Wir laufen zu den Bussen, die in einer Seitenstraße bereit stehen. Wir steigen ein, erleichtert, erschöpft auch. Gegenseitiges Schulterklopfen, jemand weint, alle sind glücklich. Dann fahren wir los, begleitet von Polizeiwagen. Was jetzt kommt, kennen wir schon vom 2013. Umziehen, eine Stunde lang fahren wir in Begleitung mehrerer Polizeiwagen durch die Stadt, im Zickzack, eine Verwirrungstaktik, bis zum Messegelände. Dort lassen uns die Polizisten aussteigen, wir laufen zur U-Bahn, die Polizei ist immer und überall dabei, auch in der Station, zum Teil mit Hunden. Auf die Züge warten dort Hunderte Teilnehmer, alle fahren in die Stadt, zurück in ihre Wohnungen und Hotels. Jetzt lauert Gefahr. Die Rechten sind in der Stadt unterwegs, überall, sie sind wütend, weil sie uns nichts anhaben konnten und wollen sich rächen. Unsere Busse haben sie beobachtet bei der Abfahrt, einer hat uns den Stinkefinger gezeigt.
Wir fahren zum Maidan, ins Zentrum der Stadt. Dort stehen sie schon. Naomi und ich geben uns als Heteropaar aus, die anderen tun es uns nach. Vor dem McDonald’s stehen jetzt Gruppen von Rechten, die die Leute ansprechen. Sie sind auf der Suche nach den Aktivisten, die sie während des Marsches fotografiert haben. Sie suchen nach Ausländern aus „Gayrope“, die ihnen ihre Moral und Werte nehmen wollen. Doch um Moral und Werte geht es ihnen gar nicht, sie kennen nur Hass.
Auf dem Chreshatyk, dem Prachtboulevard der Stadt, rennen die Nazis in Horden hin und her, eine bewährte Taktik ist das. Sie tun das ohne Ziel, sie wollen einfach sehen, wie die Leute reagieren. Wer zuckt, weil er Angst hat oder gar wegläuft, verrät sich und wird verfolgt. Bis zum Nachmittag ist von einem Zwischenfall zu hören. Einen Aktivisten haben sie nach dem Marsch erwischt, er wurde erkannt. Es geht ihm gut.

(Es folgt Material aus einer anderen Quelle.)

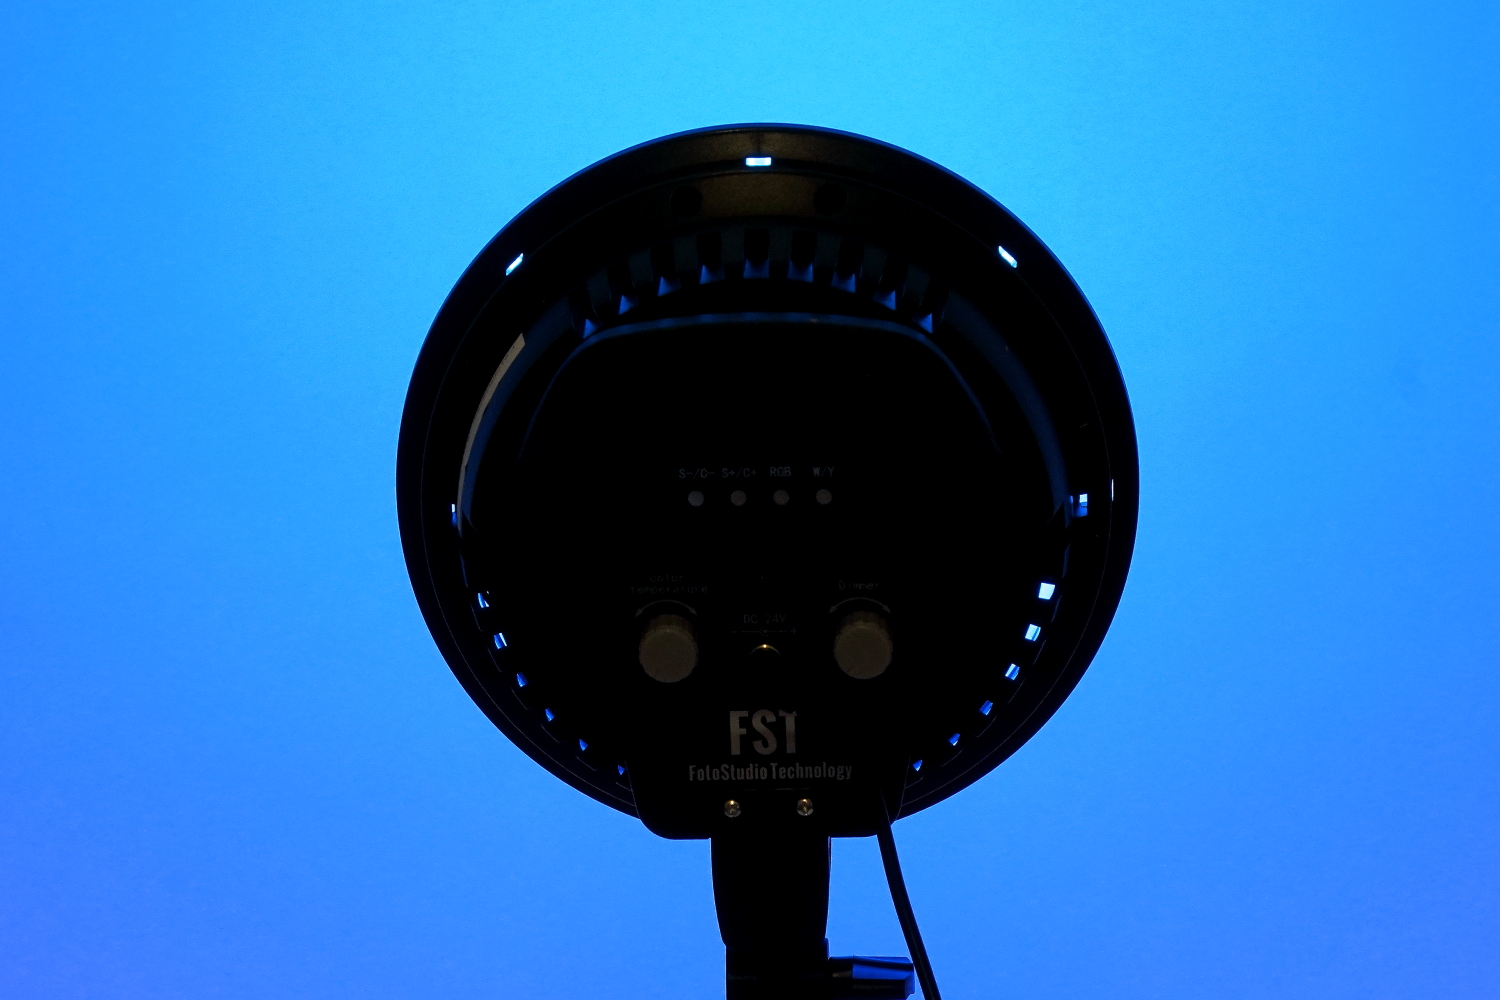    FST LED-1682RGB Kit

Als ich in meiner Wohnung am Maidan ankomme, fange ich an, die Erlebnisse aufzuarbeiten. Von unserer Gruppe werden die meisten diesen sonnigen Tag zuhause verbringen. Wir haben keine andere Wahl, es ist zu gefährlich. In den Biergarten zu gehen oder auch nur in ein Restaurant, könnte zu Übergriffen führen. Zum Fußballspiel Ukraine – Deutschland dürften heute Abend weitere Hooligans anreisen. Ich lade unsere Gruppe deshalb zum Abendessen in meine Wohnung ein.
Dann werden wir feiern. Denn wir können stolz sein auf das, was die Community hier vor Ort geleistet hat, wie sie dieses Land verändert hat. Auf diesem Weg werden wir sie weiter unterstützen mit aller Kraft und großem Engagement und viel Herzblut – im Kampf für Menschenrechte!